The federal workers we spoke with reported that their spending habits changed immediately after losing their jobs (or before that). Most agreed, however, that they wouldn’t leave the city unless they absolutely had to, but they’re increasingly afraid they or their colleagues will have to — particularly those with no family in the area or who were earlier in their careers.

“The scary part is, like, will I be able to find a job here that can sustain me here?” asked the Ward 3 resident. “My desire is definitely to stay here if possible, but I've been forced to think about other options: Six months or a year from now, if I don't have a solid job here, I'll probably have to leave.” 

It may also be difficult to actually track population shifts accurately and in real-time, according to Williams.

“We'll see what happens with our ability to track [population] data like that over time, given how much data we've seen pulled off of government sites,” Williams says, referencing the Trump Administration’s attempts to remove public research information from government pages. “Census data that give us population counts only happen every so often, and it's always a lag … So we won't know for a while the impact of all this on our population.”

Even with the prospect of a difficult economy looming, residents aren’t willing to give up that easily. 

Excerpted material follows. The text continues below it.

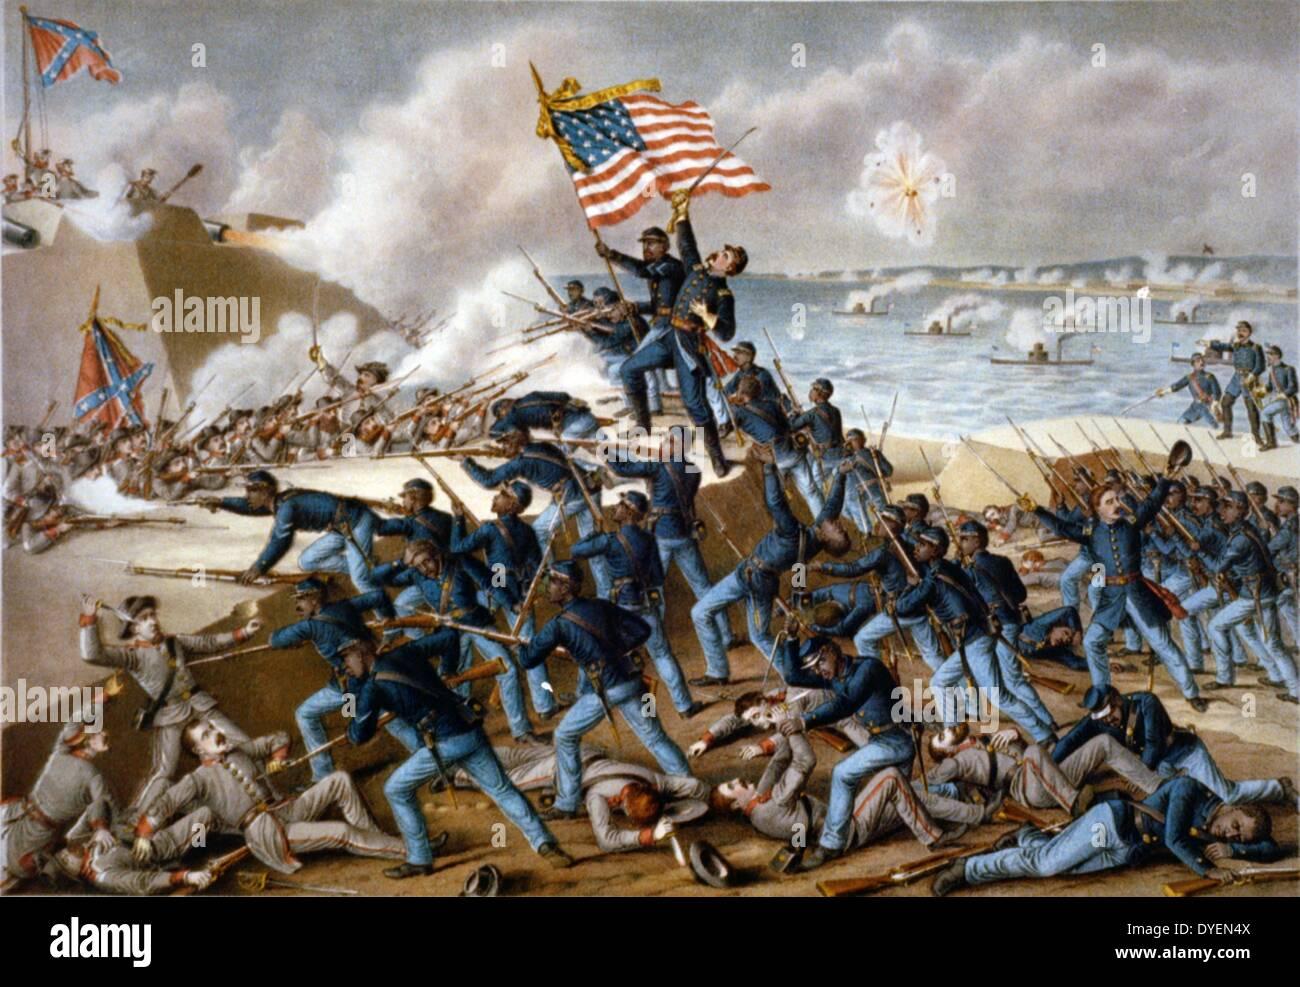 Storming Fort Wagner, American civil war - Stock Image
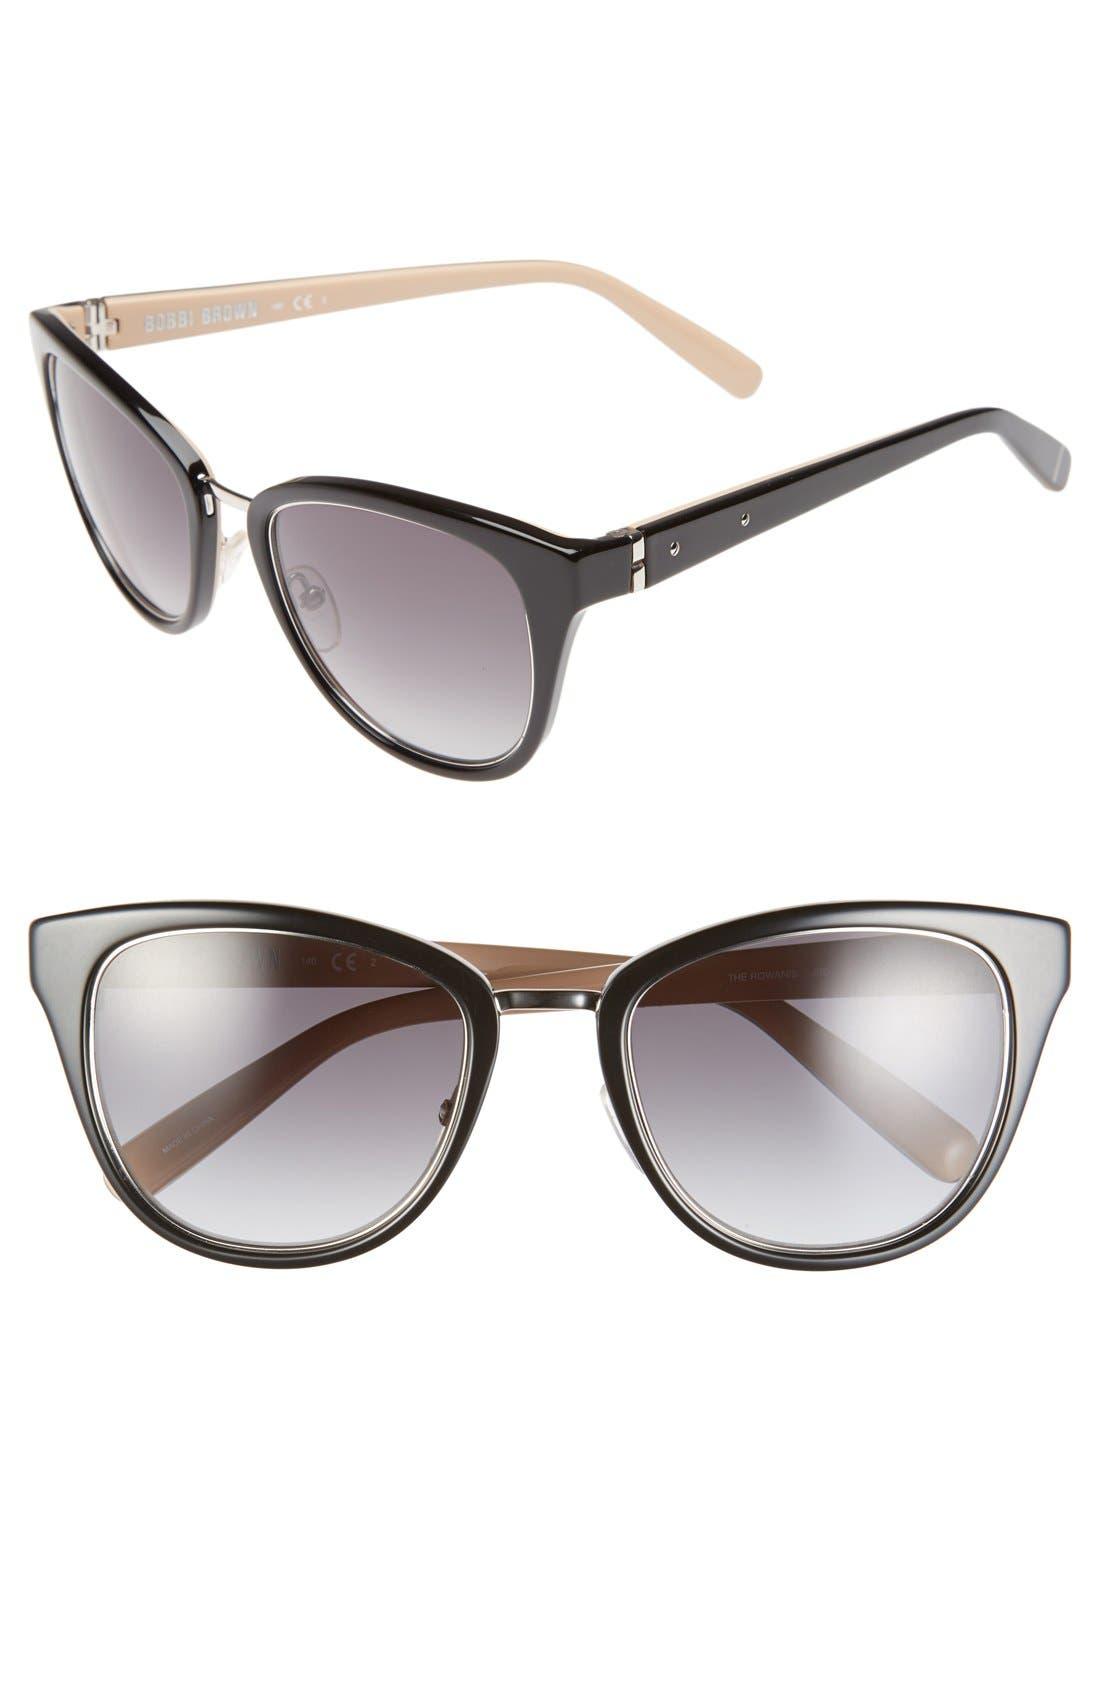 BOBBI BROWN, 'The Rowan' 53mm Cat Eye Sunglasses, Main thumbnail 1, color, 001

“I want to stay in D.C.,” Credle says. “D.C. in its best of times, is a place that welcomes everybody. And I want it to continue to be that.”

Turn towards mutual aid

Whether in response to a pandemic, immigration, or the rising cost of living, the region has a tradition of turning to mutual aid organizations for support. 

Since many employees lost their colleagues’ contact information when they lost access to their professional email, grassroots networks have been popping up in their place: shuttered offices connecting other shuttered offices across the region as former federal workers organize in-person meetups or protests.

Local workers are also setting up a new mutual aid program to distribute funds based on the monthly federal poverty level for their household size, according to information in a Google document obtained by The 51st. Organized on encrypted messaging platforms like Signal, others are volunteering their time — whether it’s a yoga instructor hosting a free class for impacted workers, a counselor offering free sessions, or career coaches reviewing a stranger’s job materials for free. 

It’s perhaps unsurprising for a group of workers intently focused on public service. Each worker who spoke to The 51st for this story was deeply concerned about the effects that these cuts will have nationwide and abroad. 

“It’s easy to think ‘it's just foreign aid, that's other people,'" says the Ward 1 resident who recently lost her contracting job at USAID. “But it really does have a major impact on our lives here. If I were at work right now, I'd be working on the Ebola outbreak in Uganda and the Marburg outbreak in Tanzania. It's not a distant thing.”